◆ Action item
Without including the pictures, copy out every line below.

◆ Dataset extract
"""
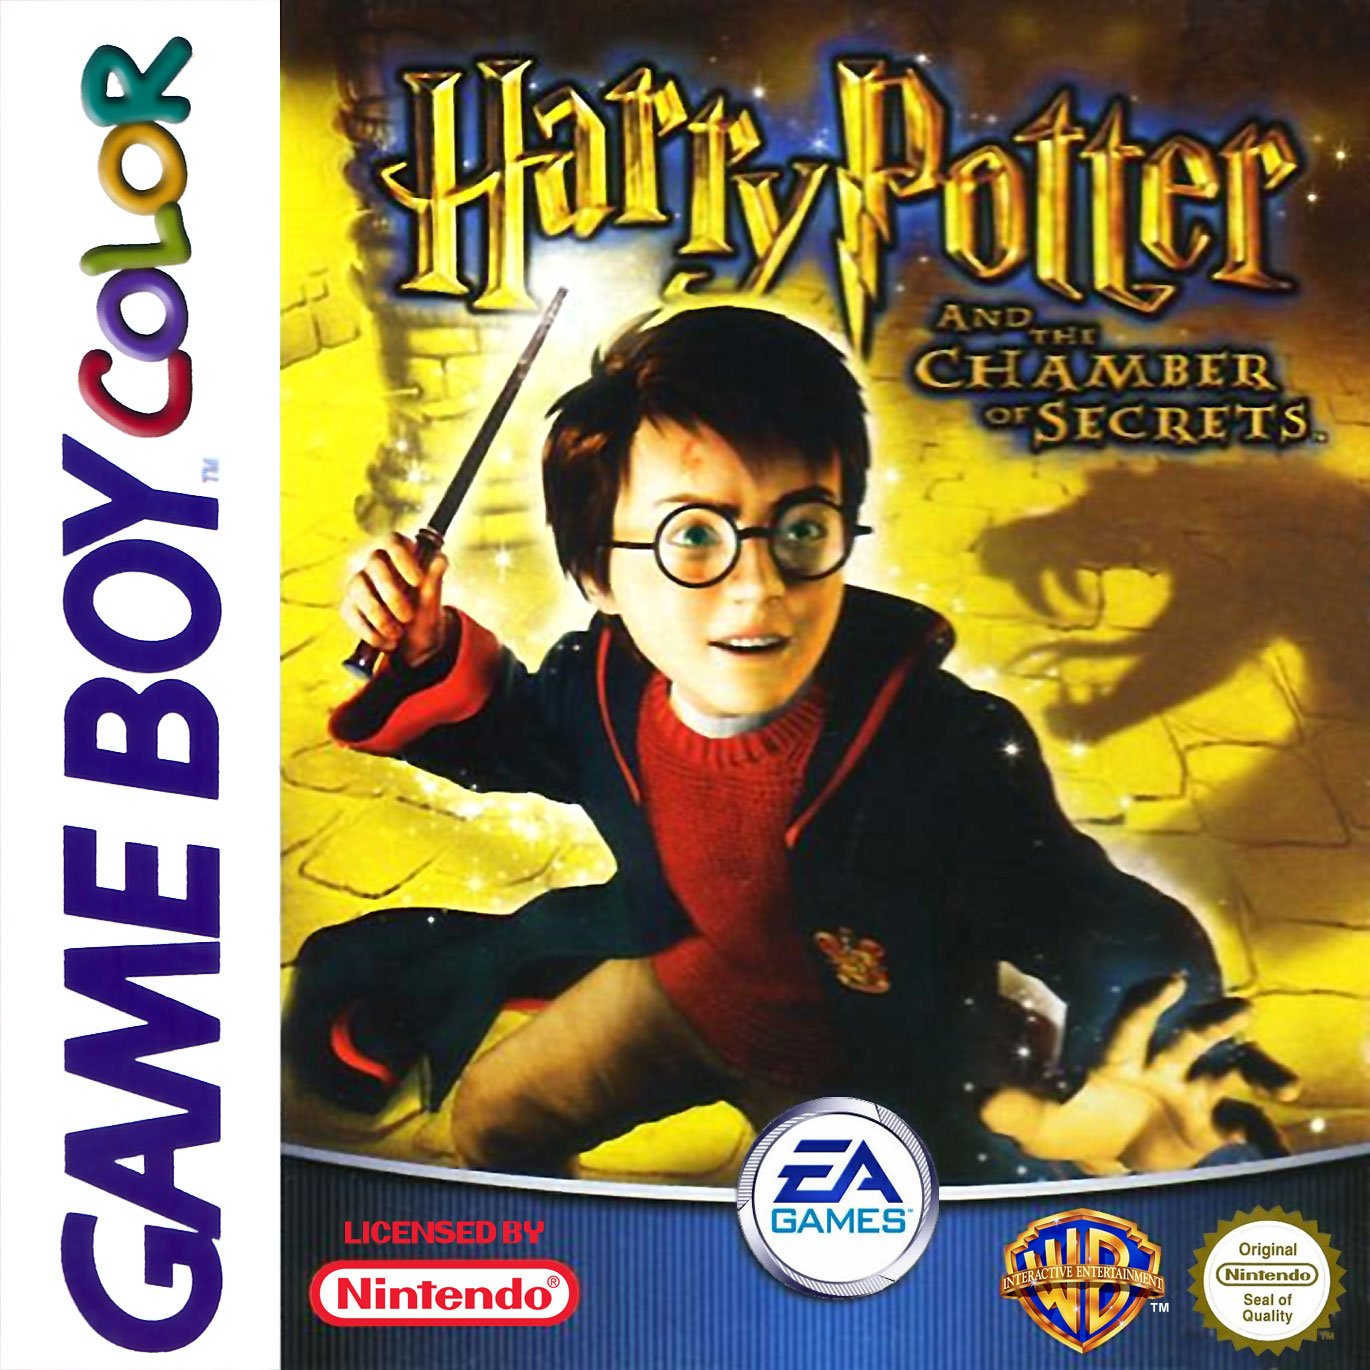 Caratula de Harry Potter and the Chamber of Secrets para Game Boy Color
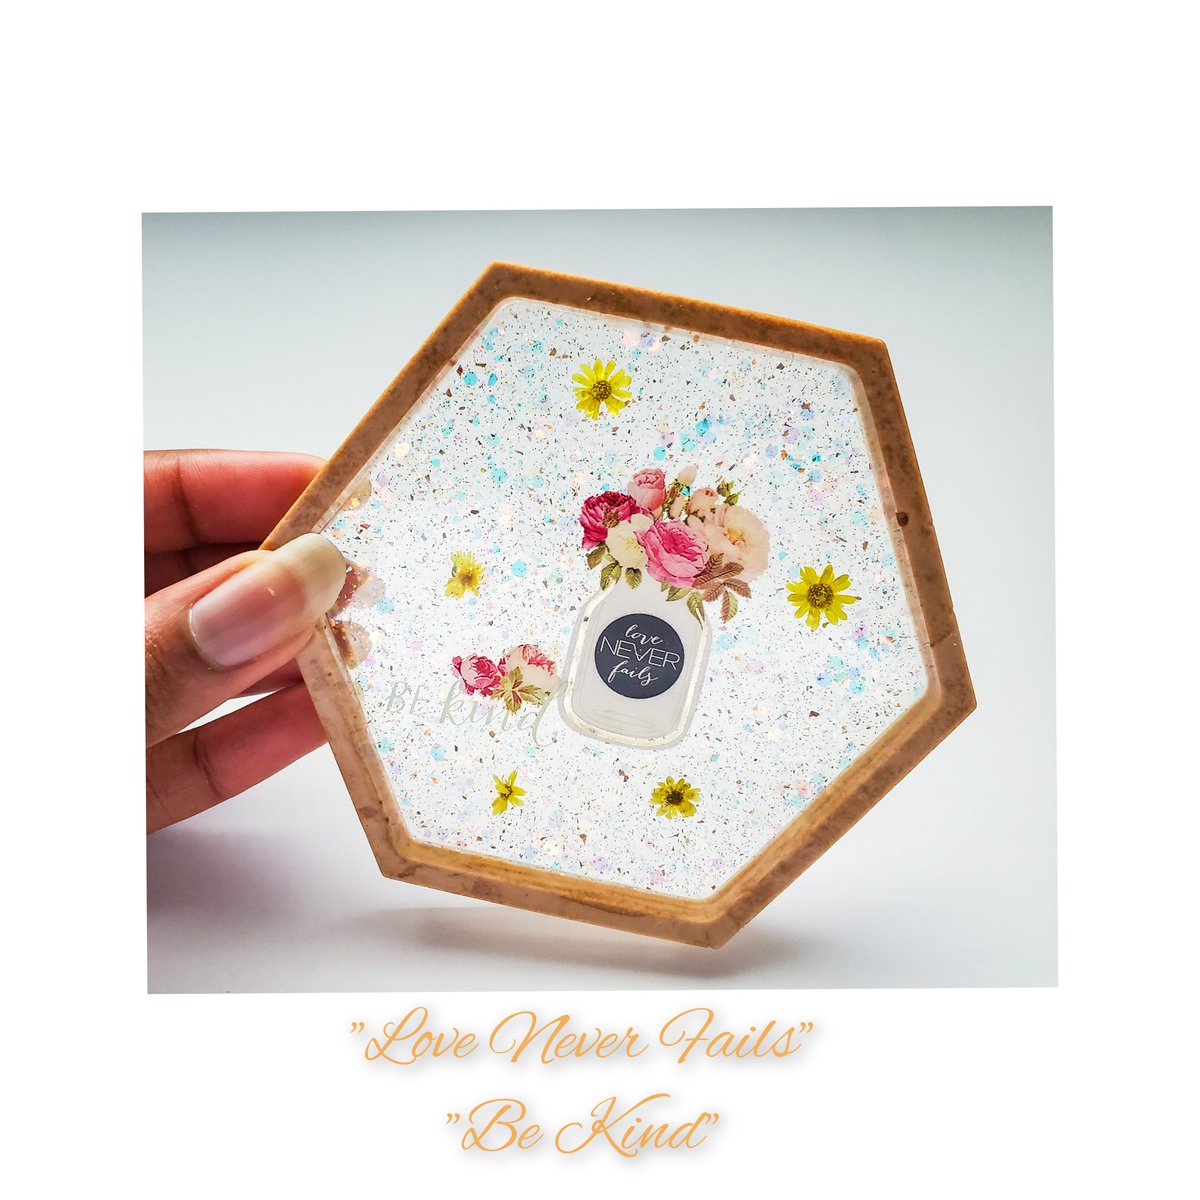 New Product ✨️! Inspirational Resin Coasters ☕️💐 - Set of 4
etsy.com/listing/172257…
#etsyshop #handmadehour #giftsforher #giftsforfriend #womaninbizhour #SpringHasCome #SummerVibes #inspiration #Motivation #resin #coasters #CoffeeLover #uniquegifts #tuesdayvibe #NEW
"""
◆ Result for this exercise
 Caratula de Harry Potter and the Chamber of Secrets para Game Boy Color
 New Product ✨️! Inspirational Resin Coasters ☕️💐 - Set of 4
etsy.com/listing/172257…
#etsyshop #handmadehour #giftsforher #giftsforfriend #womaninbizhour #SpringHasCome #SummerVibes #inspiration #Motivation #resin #coasters #CoffeeLover #uniquegifts #tuesdayvibe #NEW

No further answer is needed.